A review of the audio recording from the Cobb Commission’s chaotic first meeting of the year on Jan. 10 found that the audio had not been compromised or tampered with, according to a report summarizing the probe.

Commissioner Keli Gambrill publicly requested a forensic audit of the meeting’s audio recording, which captured the conflict between Republican and Democratic commissioners over the legality of operating under the district map passed by the board’s Democratic majority. Last year, the county overruled a map passed by state legislators that removed Commissioner Jerica Richardson (D-District 2) from her district midway through her term.

Gambrill previously said that the board improperly went into executive session without the required vote during the Jan. 10 meeting. She maintained that position and called into question the veracity of the recording after county staff played back the audio, showing the board did vote in favor of going into the closed-door executive session.

The recording software used by the county clerk, which is also used by court reporters, is provided by a vendor whose technical services staff said it is “near impossible” to alter files in the encrypted system. The company’s president and CEO also reviewed the file and found “there was no system failure. The audio ... was not edited or compromised.”

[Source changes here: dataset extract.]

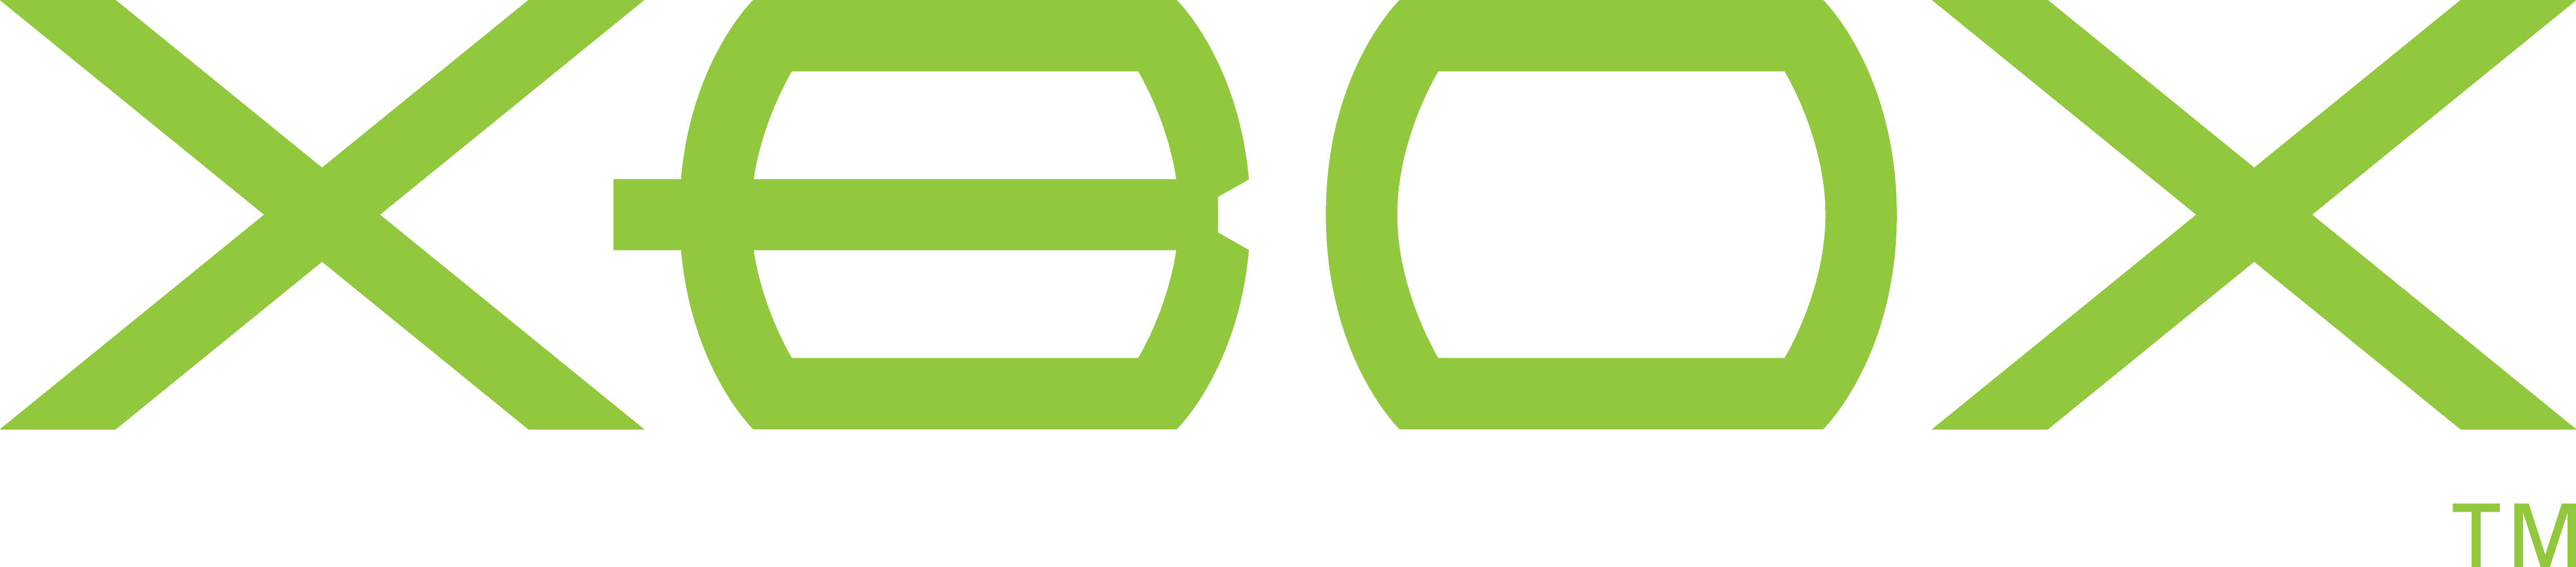 First Xbox Logo - Original xbox Logos

“Due to the file type and encryption of the file recorded within the CapturePro software, if the file was altered in any way, I would not have been able to play back the audio from within the proprietary software,” Joy Rhodes said in her review sent to the county manager.

Gambrill said the report does not resolve her concerns with the meeting’s audio.

“I still don’t understand how, if I was listening to an original tape, the audibility of it changed,” Gambrill said.

She said that she did not mean to suggest any “malfeasance” by county staff or the board, and reiterated that she “just found it interesting” that the audio’s quality changed at different points in the meeting.

County spokesman Ross Cavitt said the reason the audibility changed was that the commissioners were talking away from their microphones.

“When they talked about voting to go into executive session, they are all standing up, kind of away from their chairs, and then come back to vote by the microphones,” Cavitt said. “Where are we going with this? What is she claiming?”

Gambrill said the forensic review of the audio did not satisfy her concerns, but she will not pursue further inquiry at this time.

The county’s partisan divide has heightened since its map went into effect at the start of the year, with the two Republicans on the board arguing the map is unconstitutional. The commission’s Democratic majority passed its own electoral map to keep Richardson within her district after GOP state lawmakers’ map drew her out, which would have ended her term.

While the county is currently operating under its own map, several state officials have decried it as unconstitutional, and the county is waiting for an expected legal challenge.